Despair is Killing More Middle-Aged Black and Native Americans

by Denis Storey
May 30, 2024 at 11:28 AM UTC

Researchers report that middle-aged Black and Native Americans experience much higher mortality rates from deaths of despair.

Clinical relevance: In 2022, middle-aged Black Americans had higher mortality rates from deaths of despair than white Americans, with Native Americans suffering the highest rates.

  • The study challenges previous findings that white Americans had the highest deaths of despair, revealing that Native Americans have consistently faced higher rates.
  • Deaths of despair among Black Americans tripled from 2013 to 2022, while Native Americans experienced the highest rates of suicide, drug overdose, and alcoholic liver disease.
  • Researchers emphasize the need for improved access to mental health care and substance use treatment, particularly in communities of color, to address these disparities.

UCLA Health researchers have unearthed an unsettling trend: In 2022, middle-aged Black Americans experienced higher mortality rates from “despair” than their white counterparts. Native Americans endured the worst. They suffered more than double the rate of these deaths compared to both Black and white Americans.

The authors, who published their findings in JAMA Psychiatry, classify these deaths of despair as those that include suicide, drug overdose, and alcoholic liver disease.

Rewriting the Narrative?

This new research challenges the nearly decade-old conventional wisdom that White Americans had cornered the market on these deaths.

The concept of “deaths of despair” emerged from a 2015 study that focused on growing  U.S. mid-life mortality and falling life expectancy rates from 1999 to 2013. In short, that paper argued that white Americans had the highest mortality rates from these causes, at 72.15 per 100,000 people in 2013 – double the rate of Black Americans.
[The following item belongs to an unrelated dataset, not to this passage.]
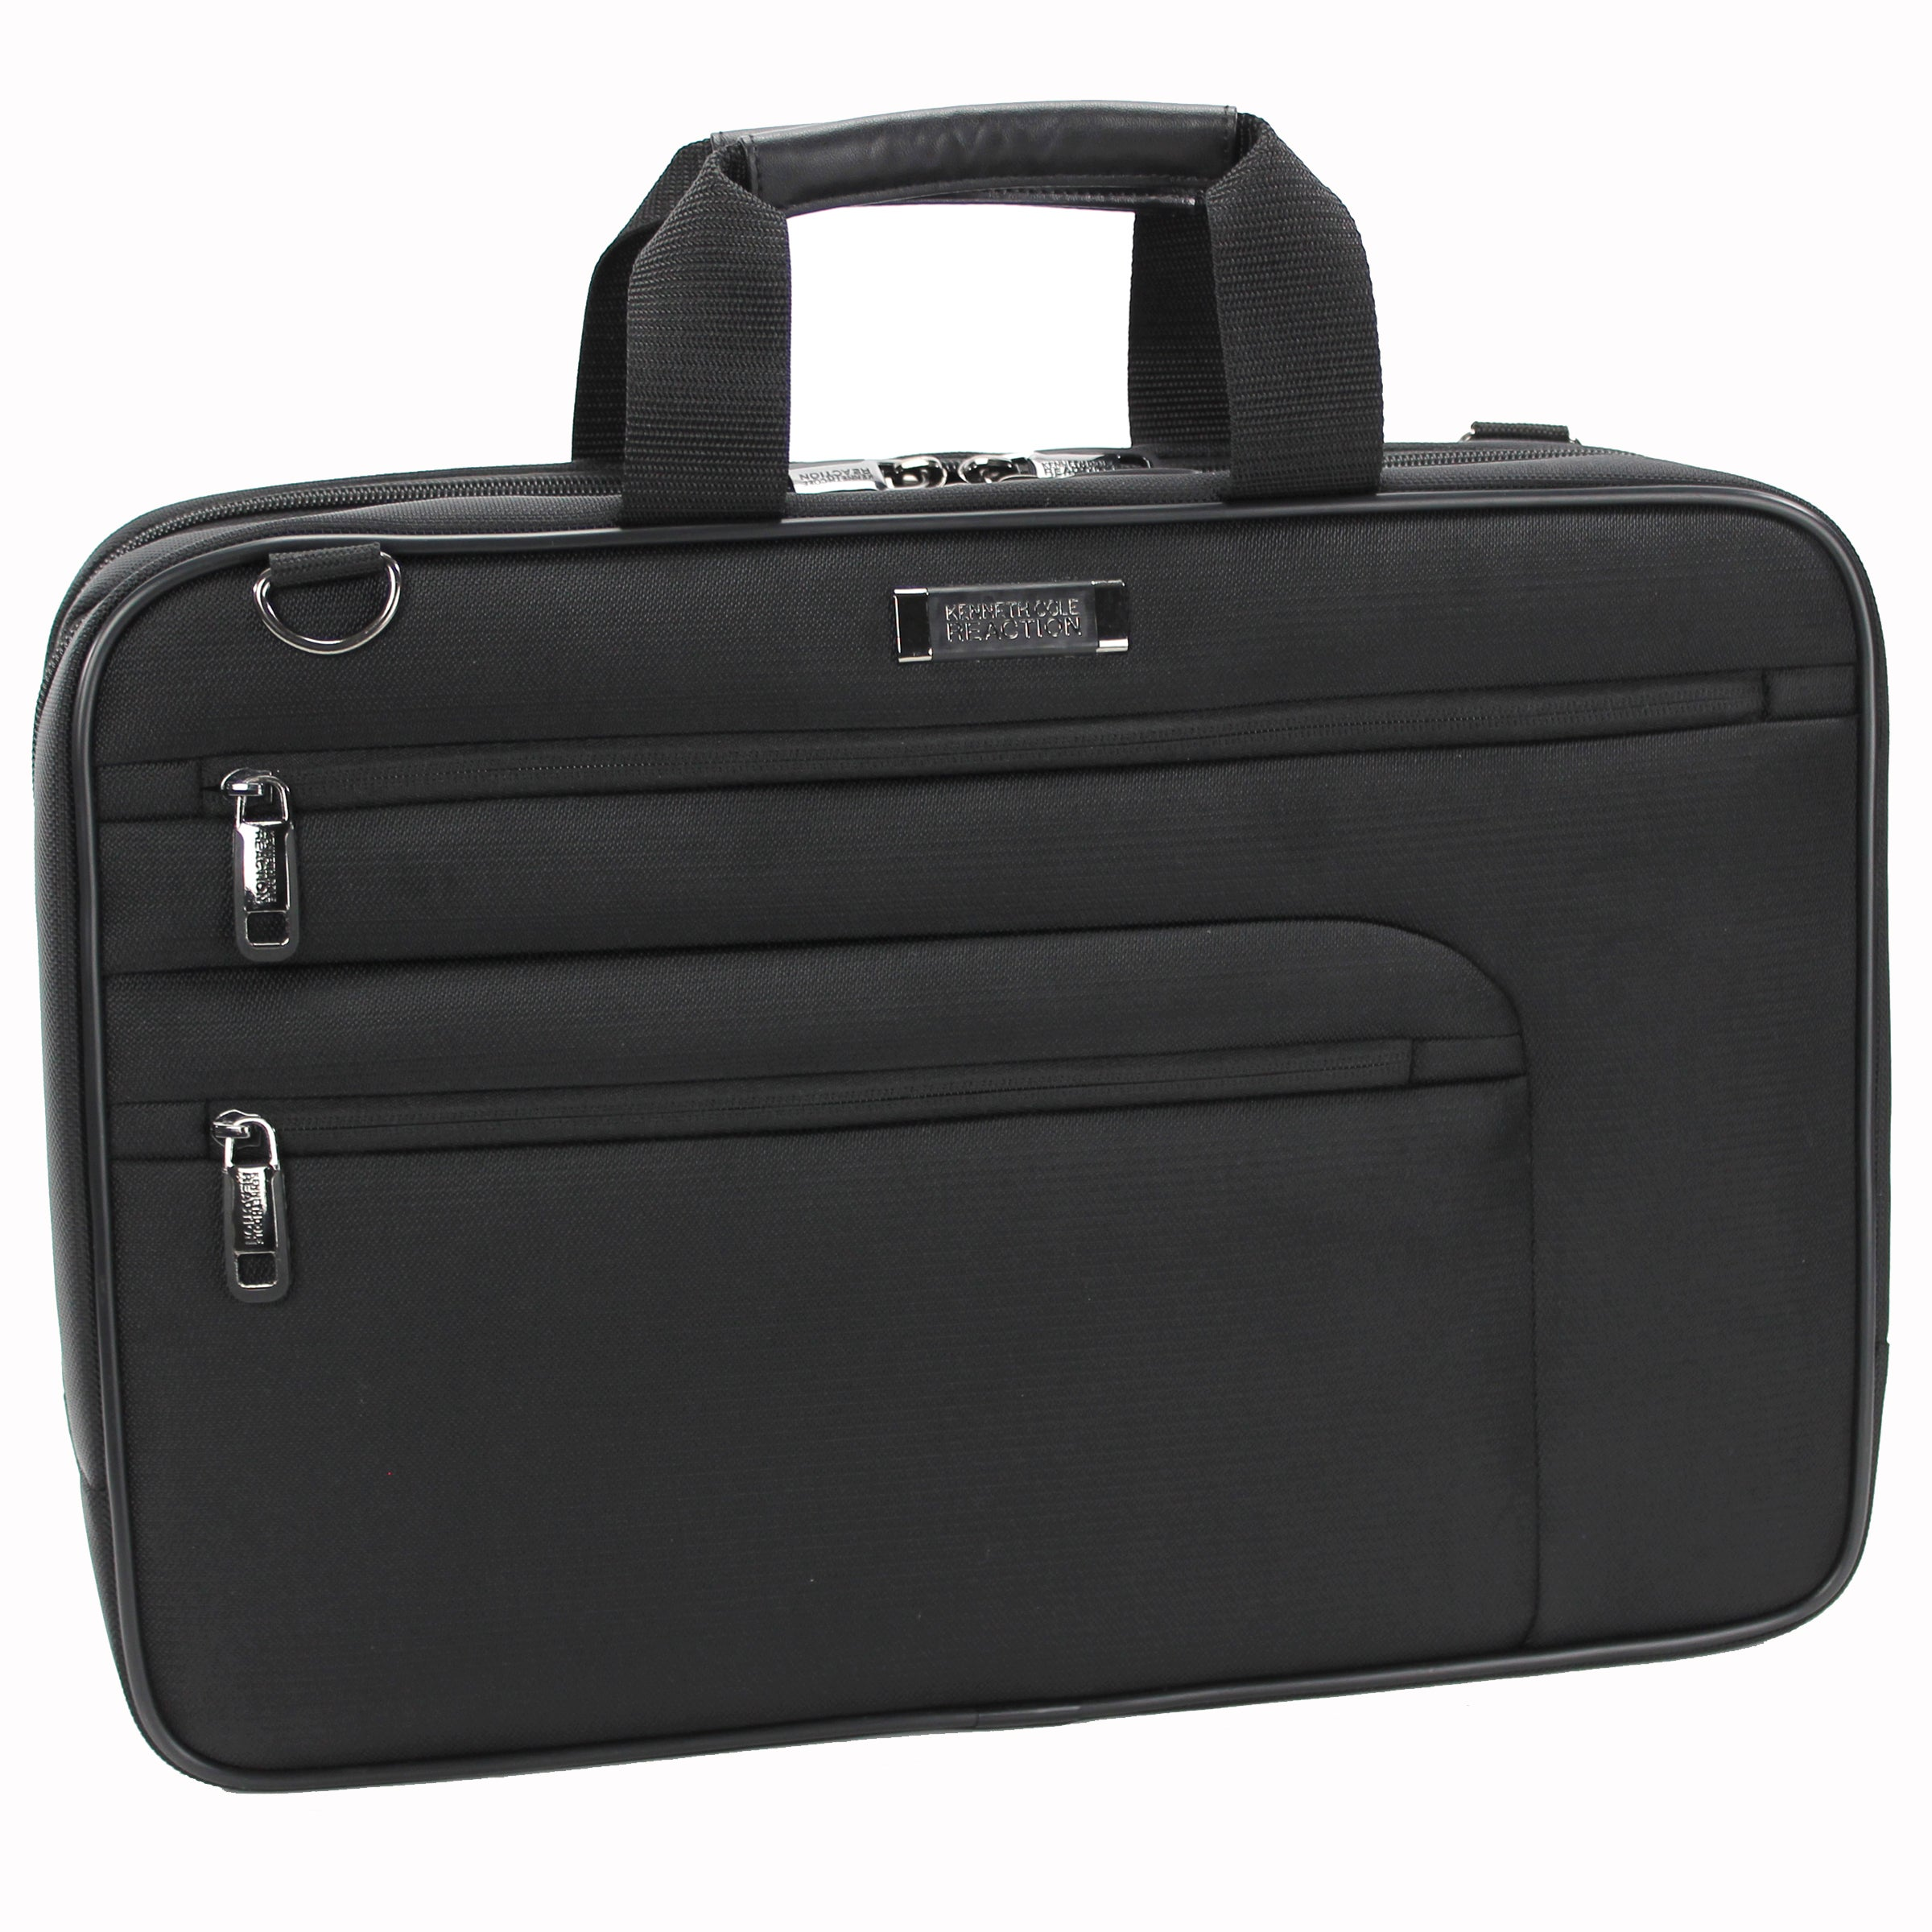 Kenneth Cole Top Zip 17-inch Laptop Briefcase

It also sparked heated debate about the stress bearing down on less-educated white Americans struggling with their dwindling economic and social status.

However, the 2015 study and its multiple follow-ups excluded data on Native Americans.
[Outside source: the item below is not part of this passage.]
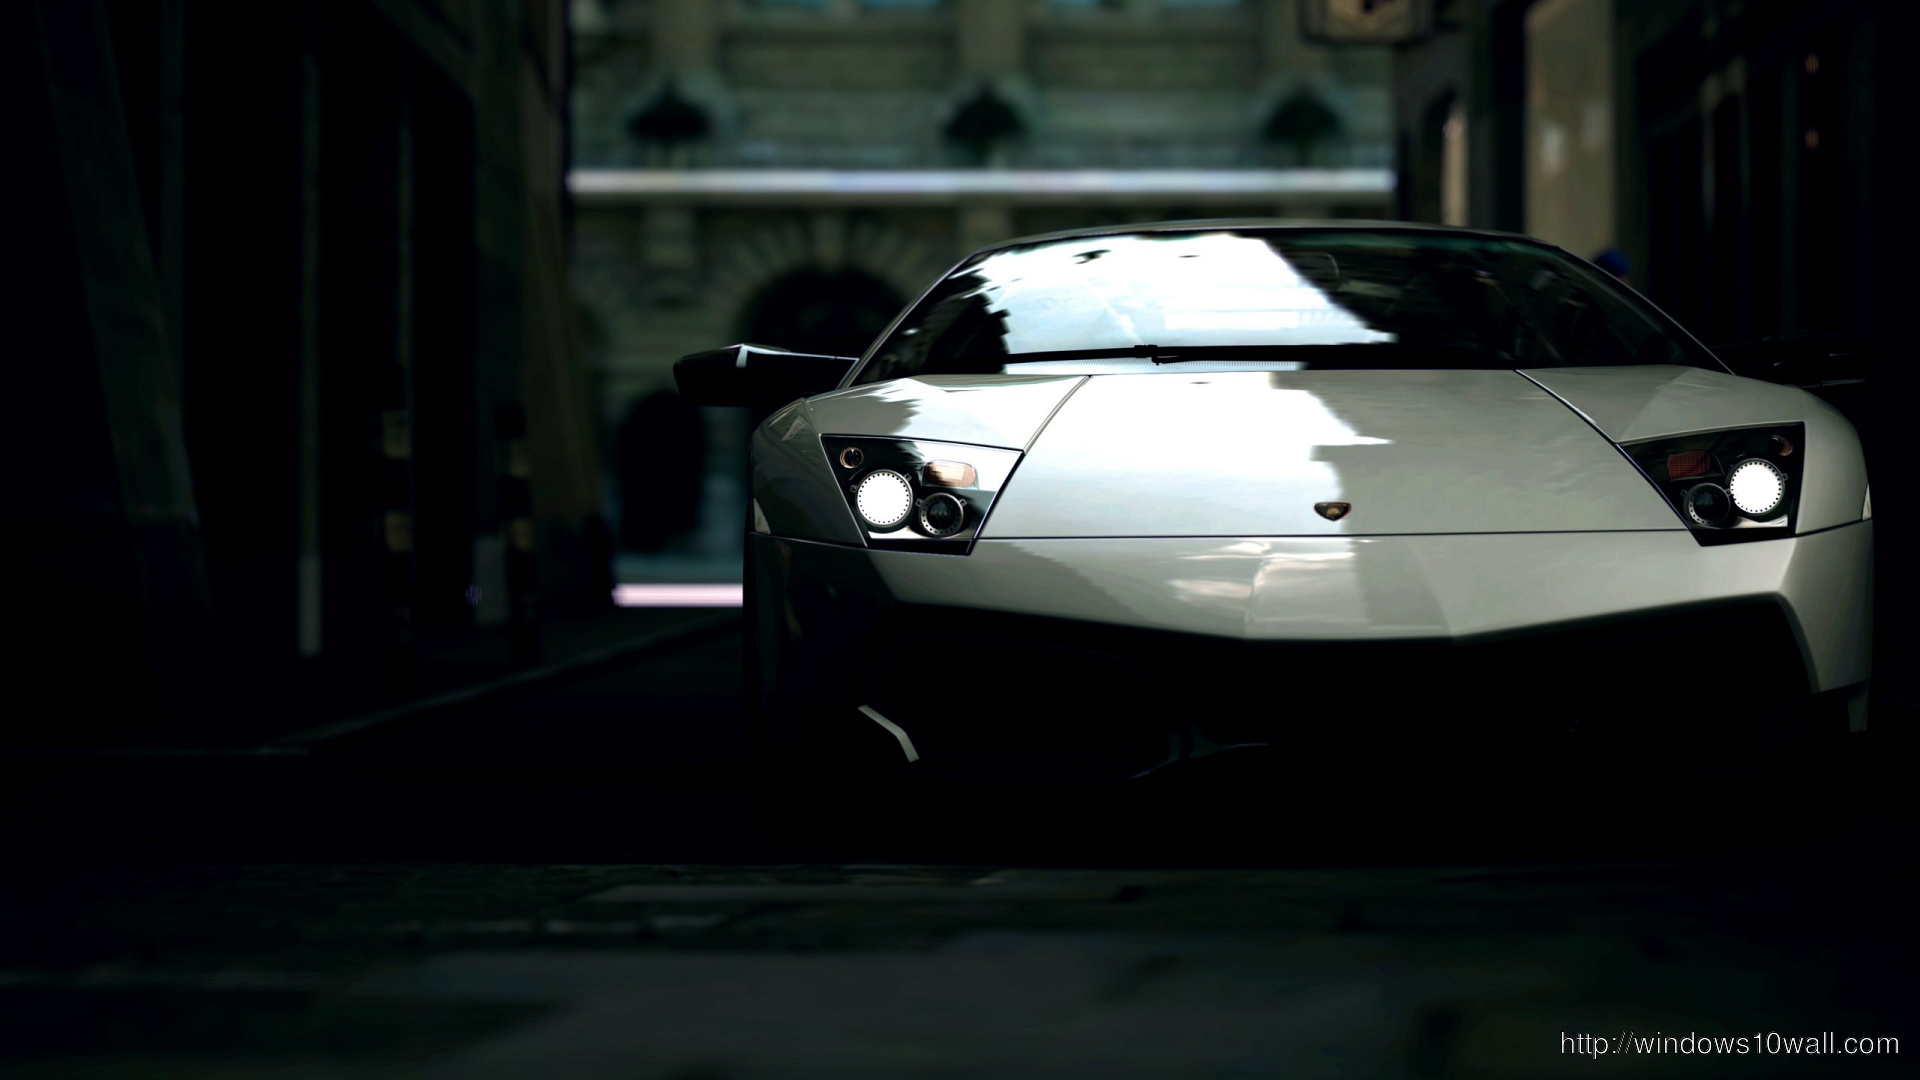 Lamborghini Aventador In the Dark Black 2013 Desktop Background Wallpaper

This UCLA Health study bridges that gap, revealing that Native Americans have consistently endured higher midlife deaths of despair all along.

Methodology

In this new paper, UCLA Health researchers mined public records from the U.S. Centers for Disease Control and Prevention (CDC) to break down the rates of deaths of despair among white, Black, and Native Americans aged between 45 and 54 through 2022.
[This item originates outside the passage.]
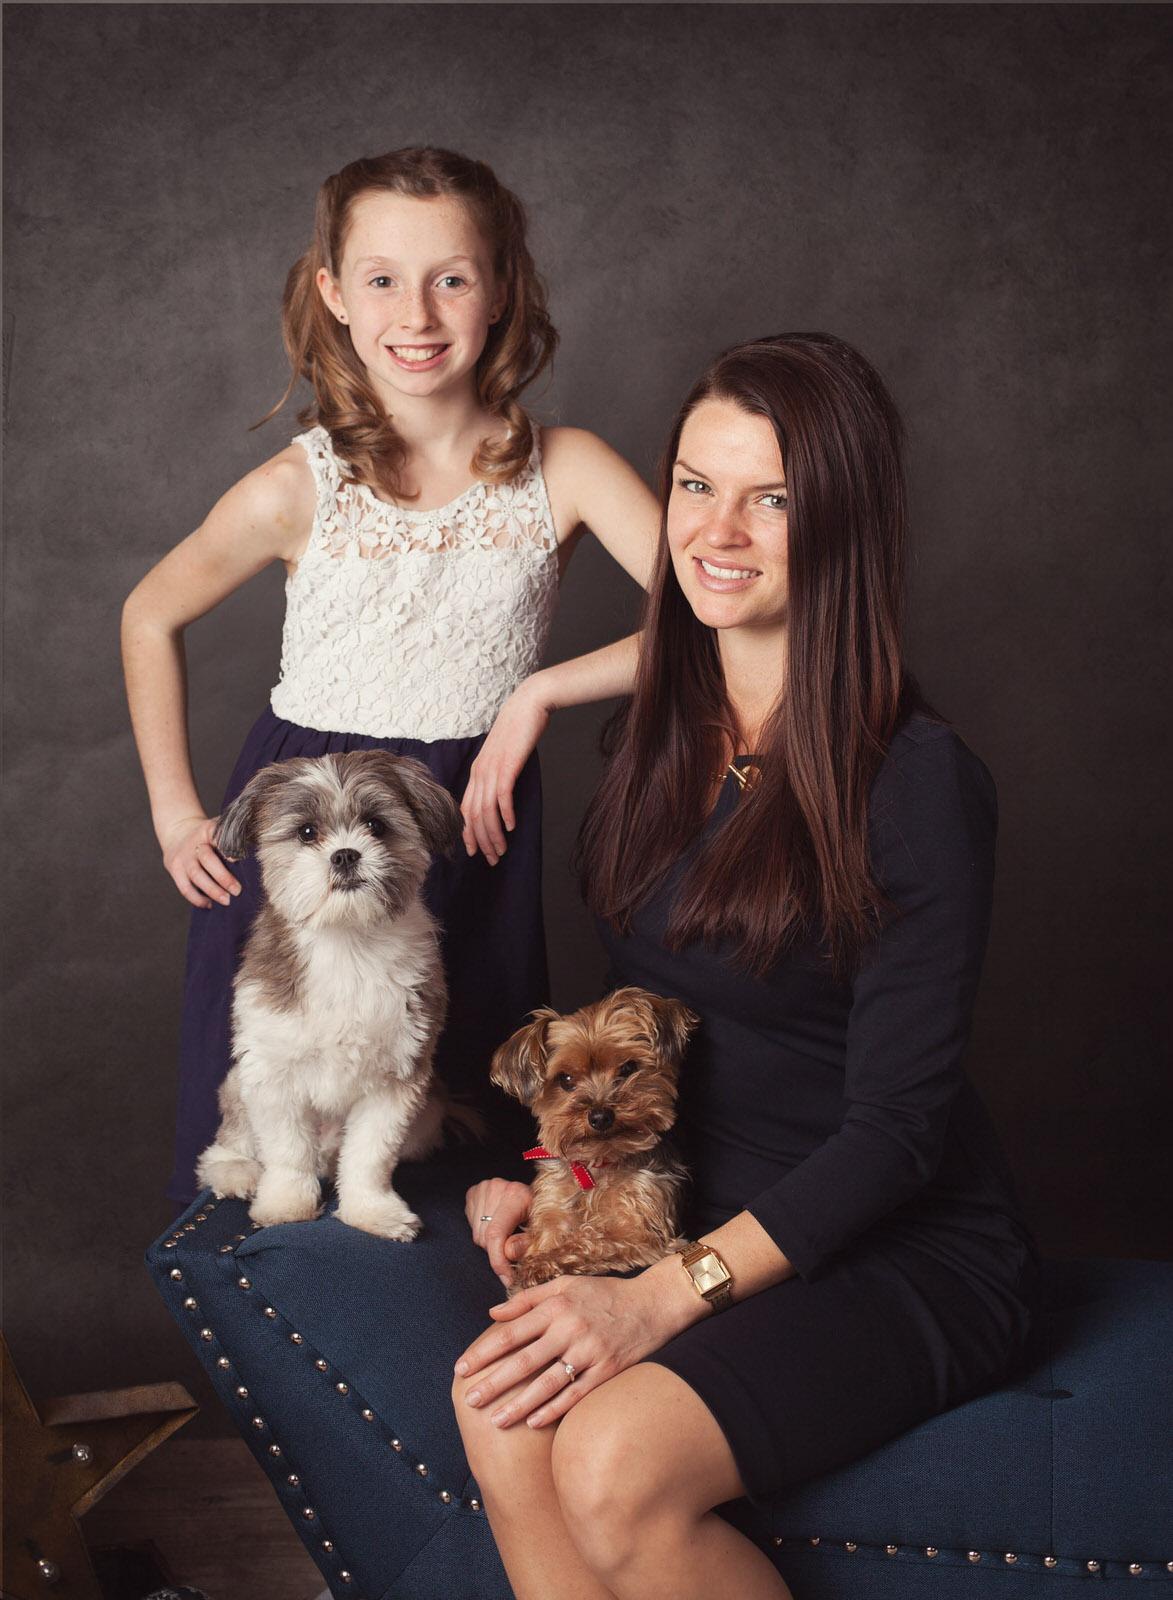 upper-peninsula-photographer-family-children-marquette-michigan-jackie-solomon-010.jpg

What they found is unsettling:

  • The rate of deaths of despair among Black Americans reached 103.81 per 100,000, surging past the white American rate of 102.63 per 100,000.
  • For Black Americans, this rate tripled from 2013 to 2022, with a sudden uptick from 2015 onward.
  • Native American and Alaska Native populations endured the highest rate at 241.7 per 100,000 people in 2022.
  • The rate of deaths of despair for Native American/Alaska Native populations has consistently remained significantly higher than for white Americans from 1999 to 2022.
  • Native Americans also had the highest mortality rates from suicide, alcoholic liver disease, and drug overdose compared to Black and white Americans.

All of this isn’t to say that white Americans have emerged from this new research unscathed. Deaths of despair in this group jumped from 72.15 per 100,000 people in 2013 to 102.63 in 2022.

Addressing Racial Disparities

Study co-author Joseph Friedman, MD, at UCLA’s David Geffen School of Medicine, stressed the need to address the rising rates of premature mortality related to mental health and substance use disorders, especially in light of these notable racial and ethnic disparities.

“The findings reinforce the notion that we need to invest in services that can address these issues and, ultimately, we need much more comprehensive access to low-barrier mental health care and substance use treatment in the U.S.,” Friedman said. “We must ensure that these treatments, services, and programs are accessible to communities of color and actively work to address inequality.”

While the researchers stopped short of articulating the catalysts behind these deaths, Friedman suggested that the rising rates of deaths of despair are tied to mental health and substance use disorders. Other factors contributing to these disparities, Friedman added, include disparate access to healthcare and social services, an increasingly toxic illicit drug supply, and dwindling economic insecurity.